Here're a couple books whose authors speak more lucidly, more eloquently and more experientially about practice, its means, its ends, and the various highs and lows in between.

According to Georg Feuerstein's Crazy Wisdom, as well as many other accounts, Trungpa was one very weird dude who got up to some ultra-weird shit. Another instance of an Eastern adept unable to handle the West? Maybe.
Still, this book ought to be mandatory reading for anyone with a daily practice of any sort.
Two asides: First, isn't "Chogyam Trungpa" such a great fucking name? It's an amazing potpourri of consonants and syllables, all arranged most flavorfully. I often wander the house reciting aloud it and its many variations: Chogyam Trungpa, Chungpa Trogyam, Chogpa Trungyam.
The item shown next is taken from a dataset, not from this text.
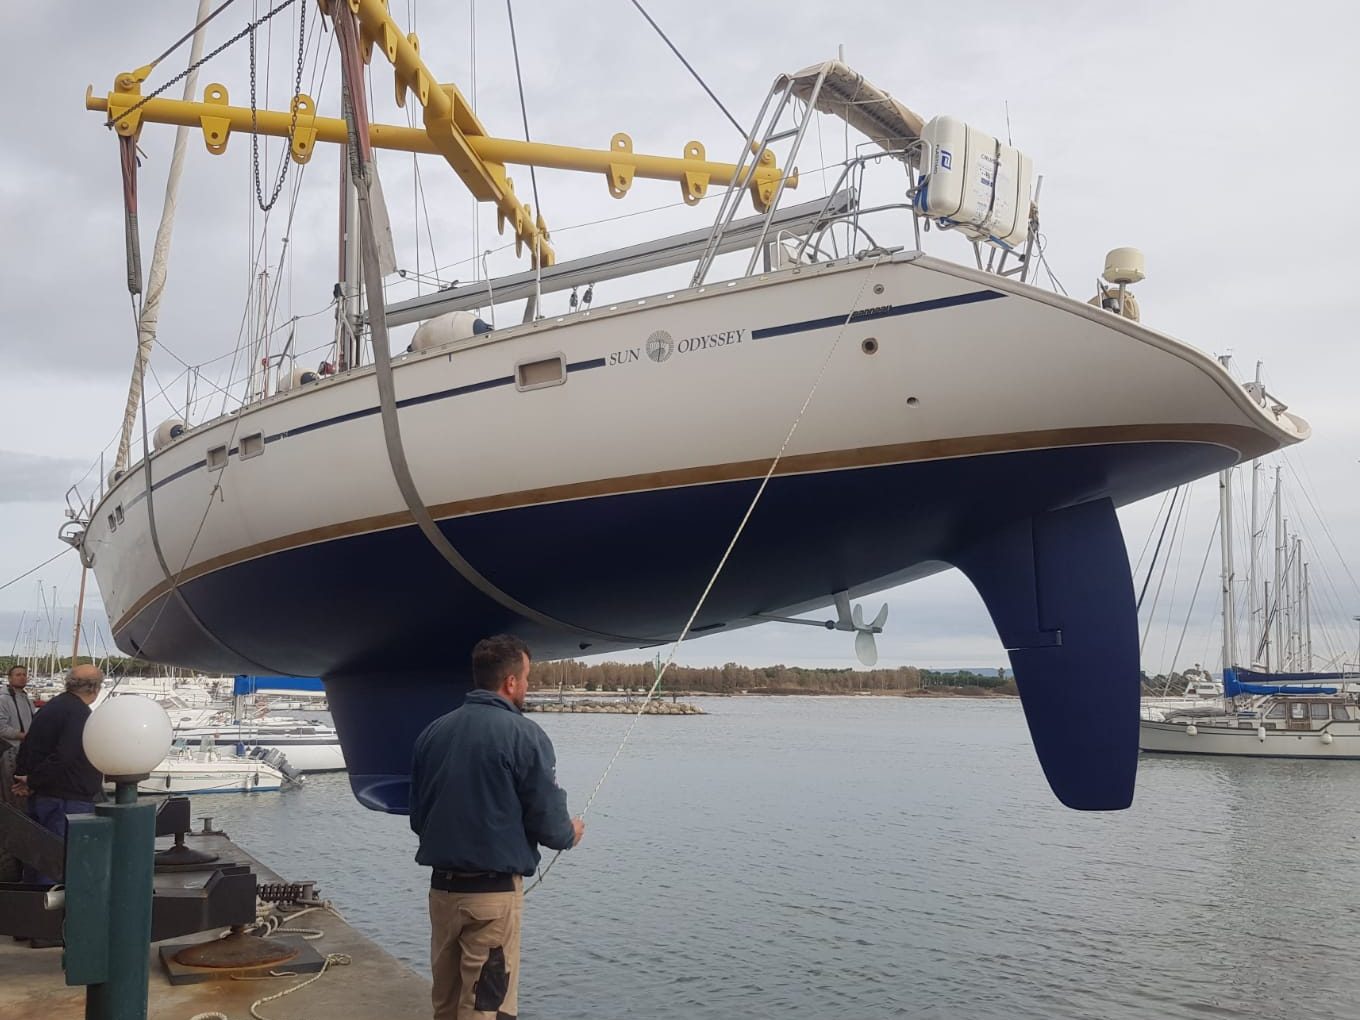 sun odyssey sailboat being launched after renovation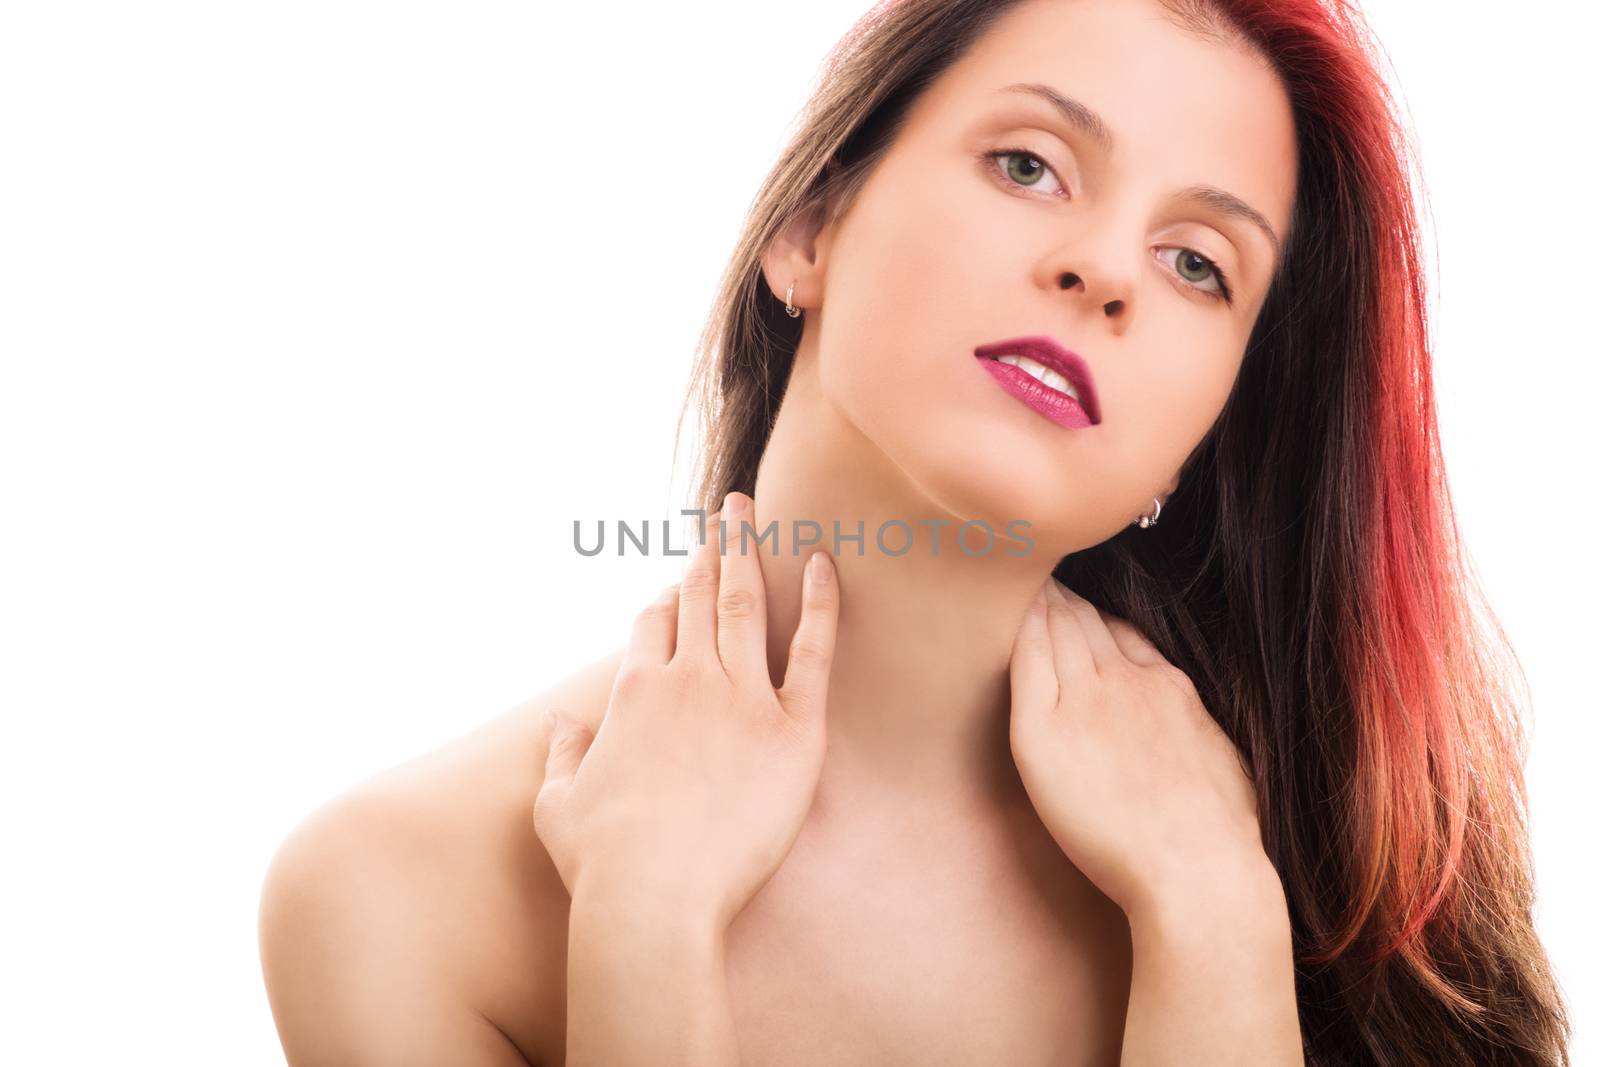 Sensual portrait of a beautiful young woman with natural clean make up, isolated on white background.

Second, and this is empirically proveable in a laboratory setting, but Georg Feuerstein possesses the supernatural ability to string together words — any words! in any combination! — in such a way that sleep is automatically, instantaneously induced in the reader. Sorta like chugging a bottle of NyQuil or being sapped with a velvet-covered blackjack, only without the attendant aches.
Not only will a Feuerstein book stun its reader to unconsciousness, but all Level 3 characters or lesser within a 10-foot radius must make a Saving Throw against Sleep Spells or else succumb to a deep slumber that lasts for three rounds.
Remember, Feuerstein's Enchantment won't work on oozes, constructs, the undead, or Richard Freeman. Mainly because Richard doesn't actually need to read yoga books — he merely glances at a yoga book's Library of Congress summary to parse its contents.

I can neither confirm nor deny any weirdness on the part of Sunryu Suzuki, though I'm sure there're some tell-alls out there. As with Cutting Through Spiritual Materialism, though, it doesn't matter. This is a collection of transcripts of many of Suzuki's talks. He hits on aspects of practice in a clear, lucid, no-nonsense manner.